To demonstrate the capabilities of this API, we’ll be looking at a modified piece of code posted on Stack Overflow. I’ve cleaned it up slightly, but it shows a number of interesting behaviors consumers of this API should be aware of.

We can analyze the for-loop in the following code:


var tree = CSharpSyntaxTree.ParseText(@"
public class Sample
{
public void Foo()
{
int[] outerArray = new int[10] { 0, 1, 2, 3, 4, 0, 1, 2, 3, 4};
for (int index = 0; index < 10; index++)
{
int[] innerArray = new int[10] { 0, 1, 2, 3, 4, 0, 1, 2, 3, 4 };
index = index + 2;
outerArray[index – 1] = 5;
}
}
}");
var Mscorlib = MetadataReference.CreateFromFile(typeof(object).Assembly.Location);
var compilation = CSharpCompilation.Create("MyCompilation",
syntaxTrees: new[] { tree }, references: new[] { Mscorlib });
var model = compilation.GetSemanticModel(tree);
var forStatement = tree.GetRoot().DescendantNodes().OfType<ForStatementSyntax>().Single();
DataFlowAnalysis result = model.AnalyzeDataFlow(forStatement);

view raw

gistfile1.cs

hosted with ❤ by GitHub

At this point we’ve got access to a DataFlowAnalysis object.

Perhaps the most important property on this object is Succeeded. This tells you if the data flow analysis completed successfully. In my experience the API has been pretty good at dealing with semantically invalid code. Neither invocations to missing methods nor use of undeclared variables seemed to trip it up. The documentation notes that if the analyzed region does not span a single expression or statement then analysis is likely to fail.

The DataFlowAnalysis object exposes a pretty rich API for uses to consume. It exposes information about unsafe addresses, local variables captured by anonymous methods and much more.

In our case, we’re interested in the following properties:

To refresh, the code on which we’ve analyzed is displayed below. The region we’ve declared interest in is the for-loop.


public class Sample
{
public void Foo()
{
int[] outerArray = new int[10] { 0, 1, 2, 3, 4, 0, 1, 2, 3, 4};
for (int index = 0; index < 10; index++)
{
int[] innerArray = new int[10] { 0, 1, 2, 3, 4, 0, 1, 2, 3, 4 };
index = index + 2;
outerArray[index 1] = 5;
}
}
}

view raw

gistfile1.cs

hosted with ❤ by GitHub

The results from analysis are as follows:

AlwaysAssigned: index
index is always assigned to as it is contained within the initializer of the for-loop, which runs unconditionally.

WrittenInside: index, innerArray
Both index and innerArray are clearly written within the loop.

One important point is that outerArray is not. While we’re mutating the array, we’re not mutating the reference contained within the outerArray variable. Therefore it does not show up in this list.

WrittenOutside: outerArray, this
outerArray is clearly written to outside of the for-loop.

However, it surprised me that this showed up as a parameter symbol within the WrittenOutside list. It appears as though this is passed as a parameter to the class and its member, which means that it shows up here as well. This appears to be by design, although I suspect most consumers of this API will be surprised, and likely ignore this value.

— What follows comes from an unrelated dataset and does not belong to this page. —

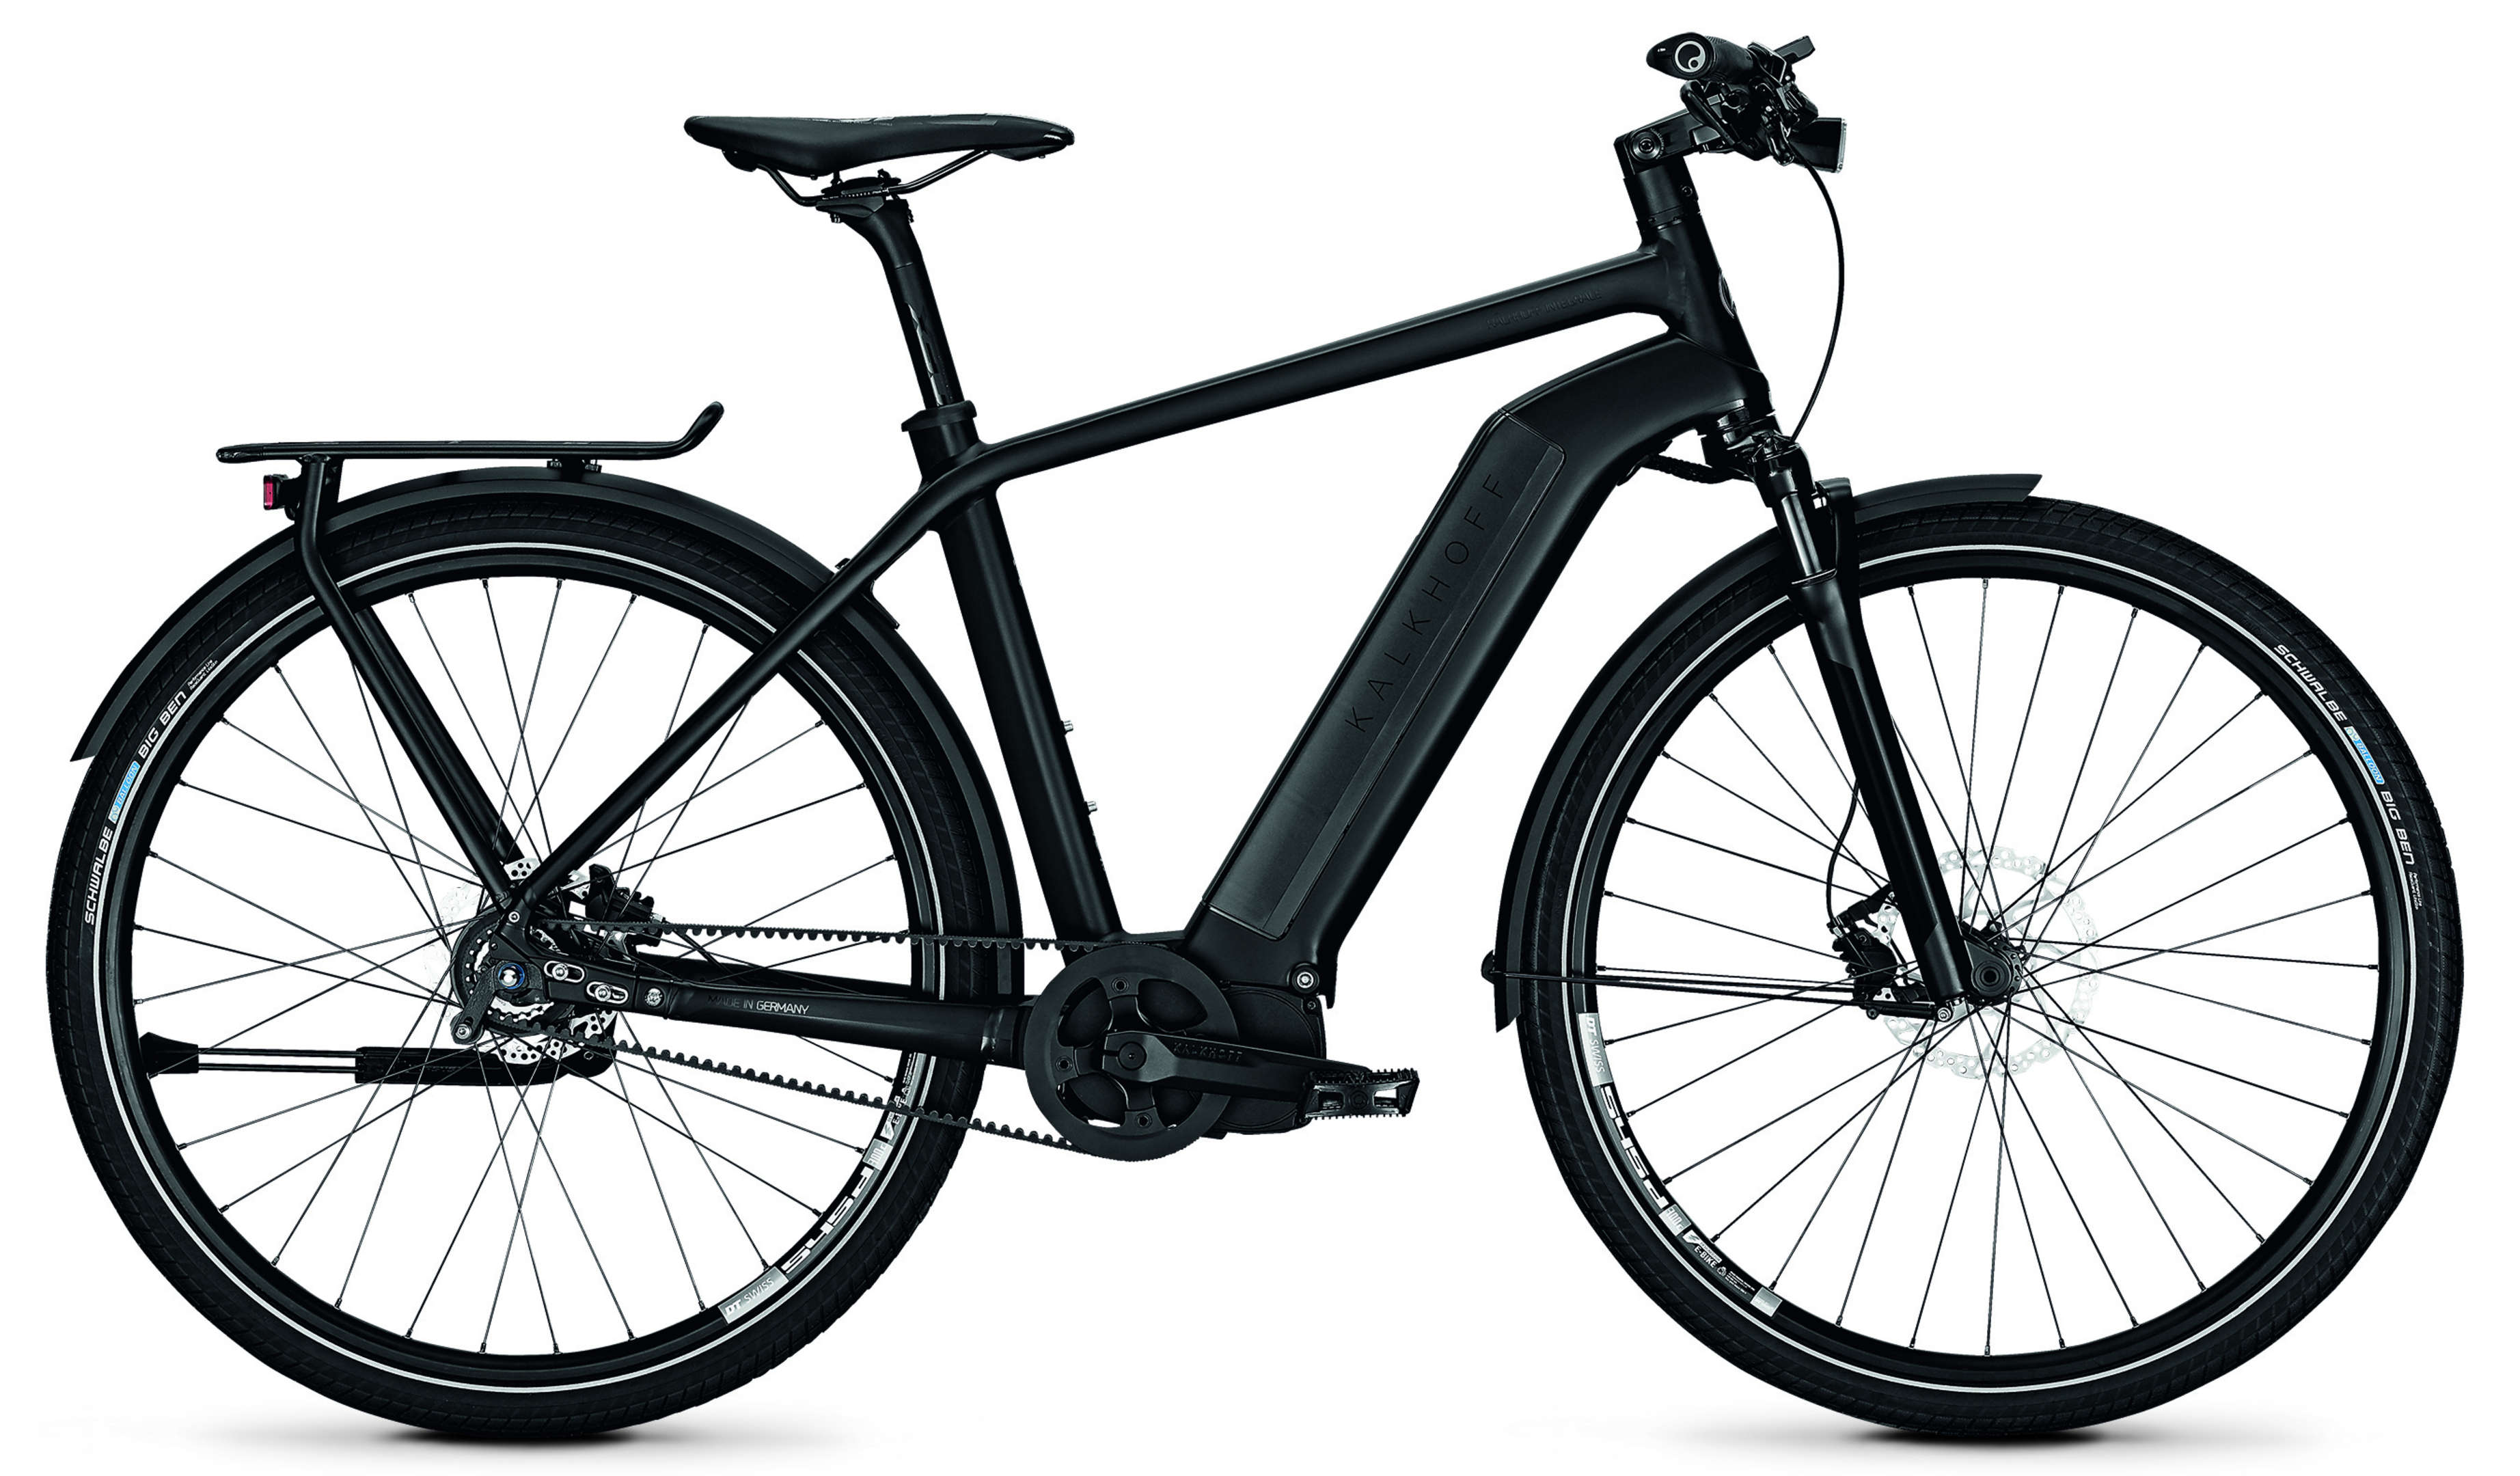 kalkhoff e trekking integrale i8 17 0ah 36v eurorad bikeleasingeurorad bikeleasing. Black Bedroom Furniture Sets. Home Design Ideas

ReadInside: index, outerArray
It is clear that the value of index is read within the loop.

It was surprising to me that outerArray is considered to be “read” inside the loop as we’re not reading its value directly. I suppose that technically we must first read the value of outerArray in order to calculate the offset and retrieve the correct address for the given element of the array. So we’re performing a sort of “implicit read” inside the loop here.

VariablesDeclared: index, innerArray
This is fairly straightforward. index is declared within the loop initializer and innerArray within the body of the for-loop.

Final Thoughts

The general weirdness of the data flow analysis API has long kept me from writing about it. The issues with this and what’s considered a read vs. a write is pretty offputting to me. I suspect these kinds of issues will prevent a lot of people from taking advantage of this API, but I could be wrong. It’s difficult to say this early in the game and I have not seen very much discussion about this API and the above problems.

 

13 thoughts on “Learn Roslyn Now: Part 8 Data Flow Analysis

  1. Thoughts on this being written inside. This information could be used to determine if the current code is instance code or static code, thus determining if you can suggest making a method static if this is WrittenOutside but not ReadInside or WrittenInside.

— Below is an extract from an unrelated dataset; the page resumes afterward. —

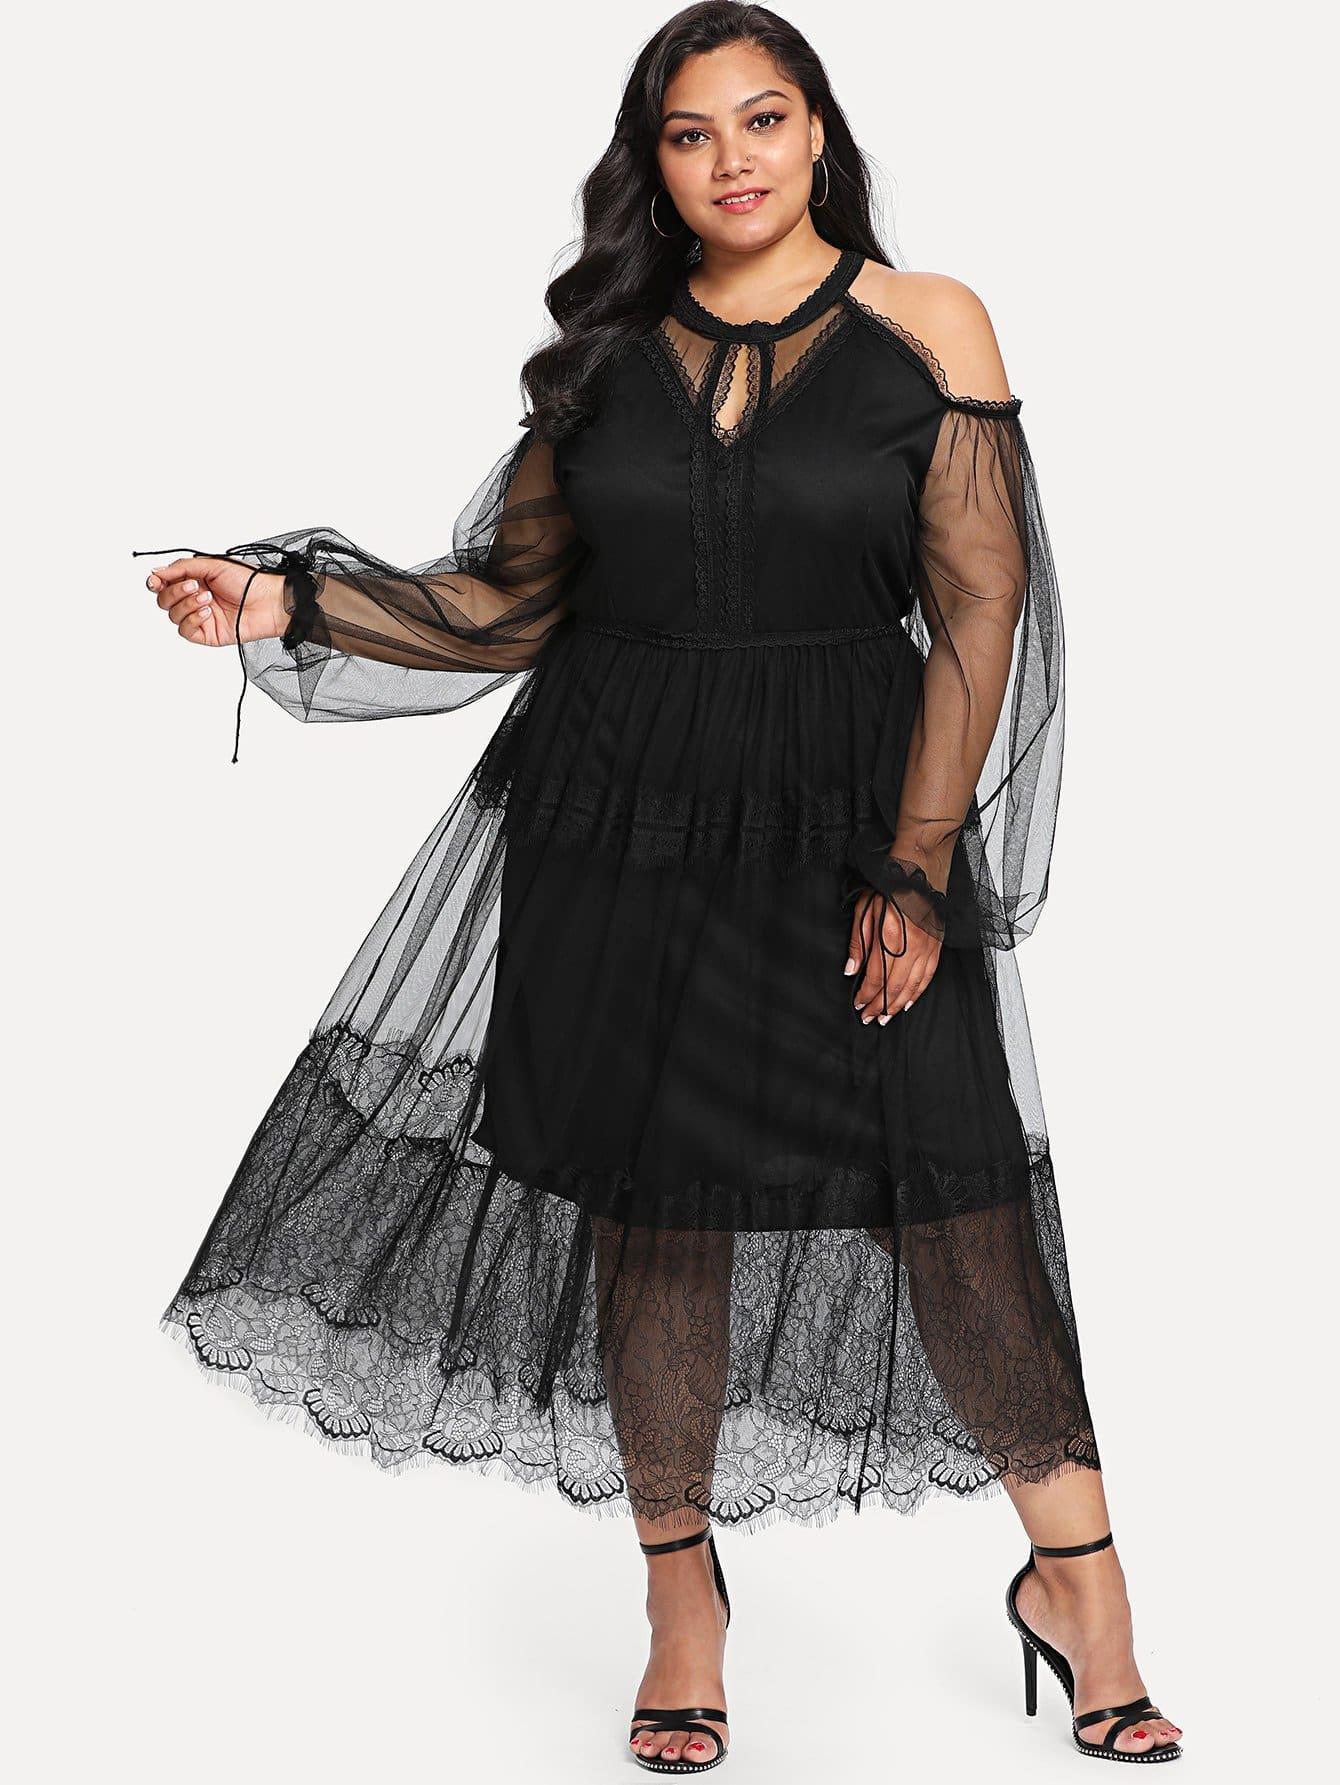 Plus Keyhole Halter Neck Lace Trim Mesh Overlay Dress white sleeveless mesh and lace overlay details playsuit

  2. From that post, which is really great, how can I make the difference between a variable not being used and a variable which has been assigned but is not being used? How can I check that a variable has been assigned? With readInside?

  3. I have this code :
    var methodBody = variableDeclarator.AncestorsAndSelf(false).OfType().First();
    if (methodBody == null)
    return false;

    var model = syntaxNode.SemanticModel;
    var result = model.AnalyzeDataFlow(methodBody);
    The result breaks the code for some reason : System.ArgumentOutRangeException Index was out of range Must be non negative and lesser than the size of the collection
    The thing I don’t get is the test code works fine :

    @”
    class TestClass {
    void TestMethod ()
    {
    int i;
    }
    }”;

  4. Nice article, it’s hard to find any Roslyn tutorial on the web.

    However I don’t see anything weird about outerArray being read in the loop – as you mentioned, it has to be implicitly read to access it. If, for example, you were to lazy-load a field, it certainly would be nice to be informed that your field is read and thus initialized.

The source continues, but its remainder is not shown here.